> **Exercise instructions**: Both the line with "The Atlas Moth - Coma Noir out Feb. 9th 2018" and the line with "FLO 91. 510241.F" in the records below must appear in the output, along with every line between them, exactly and with nothing added.

Start of Data records

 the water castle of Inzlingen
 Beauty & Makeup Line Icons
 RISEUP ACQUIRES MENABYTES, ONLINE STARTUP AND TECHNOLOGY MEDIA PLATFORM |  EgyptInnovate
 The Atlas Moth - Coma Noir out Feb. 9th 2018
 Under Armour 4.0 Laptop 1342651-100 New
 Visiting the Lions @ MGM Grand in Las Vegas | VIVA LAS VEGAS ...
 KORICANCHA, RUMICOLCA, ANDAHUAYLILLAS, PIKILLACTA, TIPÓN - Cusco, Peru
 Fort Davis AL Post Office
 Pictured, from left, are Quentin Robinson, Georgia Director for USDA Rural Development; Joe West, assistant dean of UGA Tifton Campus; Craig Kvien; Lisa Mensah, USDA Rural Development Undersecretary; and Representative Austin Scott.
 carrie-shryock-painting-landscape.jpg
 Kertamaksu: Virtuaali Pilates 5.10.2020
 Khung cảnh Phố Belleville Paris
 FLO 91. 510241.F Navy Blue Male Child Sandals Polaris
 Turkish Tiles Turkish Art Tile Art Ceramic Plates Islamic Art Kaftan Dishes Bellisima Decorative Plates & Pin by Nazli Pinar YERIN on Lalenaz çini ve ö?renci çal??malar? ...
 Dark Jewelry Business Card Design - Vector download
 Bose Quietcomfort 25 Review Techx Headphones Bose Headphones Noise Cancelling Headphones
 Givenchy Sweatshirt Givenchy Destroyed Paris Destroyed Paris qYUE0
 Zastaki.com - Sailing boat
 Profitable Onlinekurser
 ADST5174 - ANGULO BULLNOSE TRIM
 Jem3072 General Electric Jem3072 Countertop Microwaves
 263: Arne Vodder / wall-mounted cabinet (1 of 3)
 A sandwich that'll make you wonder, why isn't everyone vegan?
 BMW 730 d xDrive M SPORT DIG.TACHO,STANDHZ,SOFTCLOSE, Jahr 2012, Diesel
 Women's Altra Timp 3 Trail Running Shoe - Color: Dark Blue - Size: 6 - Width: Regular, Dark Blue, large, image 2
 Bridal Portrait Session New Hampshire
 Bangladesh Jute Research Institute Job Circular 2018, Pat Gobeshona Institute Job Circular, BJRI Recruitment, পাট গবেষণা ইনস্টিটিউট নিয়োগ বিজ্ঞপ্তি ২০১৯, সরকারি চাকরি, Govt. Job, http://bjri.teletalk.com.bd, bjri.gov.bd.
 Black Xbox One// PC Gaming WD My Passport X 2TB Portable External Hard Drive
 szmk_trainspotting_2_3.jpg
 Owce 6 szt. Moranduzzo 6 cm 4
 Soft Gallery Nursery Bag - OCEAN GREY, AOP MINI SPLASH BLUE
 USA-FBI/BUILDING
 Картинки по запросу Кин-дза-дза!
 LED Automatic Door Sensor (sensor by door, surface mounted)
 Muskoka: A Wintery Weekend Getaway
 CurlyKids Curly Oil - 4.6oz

End of Data records

> **Response**:
 The Atlas Moth - Coma Noir out Feb. 9th 2018
 Under Armour 4.0 Laptop 1342651-100 New
 Visiting the Lions @ MGM Grand in Las Vegas | VIVA LAS VEGAS ...
 KORICANCHA, RUMICOLCA, ANDAHUAYLILLAS, PIKILLACTA, TIPÓN - Cusco, Peru
 Fort Davis AL Post Office
 Pictured, from left, are Quentin Robinson, Georgia Director for USDA Rural Development; Joe West, assistant dean of UGA Tifton Campus; Craig Kvien; Lisa Mensah, USDA Rural Development Undersecretary; and Representative Austin Scott.
 carrie-shryock-painting-landscape.jpg
 Kertamaksu: Virtuaali Pilates 5.10.2020
 Khung cảnh Phố Belleville Paris
 FLO 91. 510241.F Navy Blue Male Child Sandals Polaris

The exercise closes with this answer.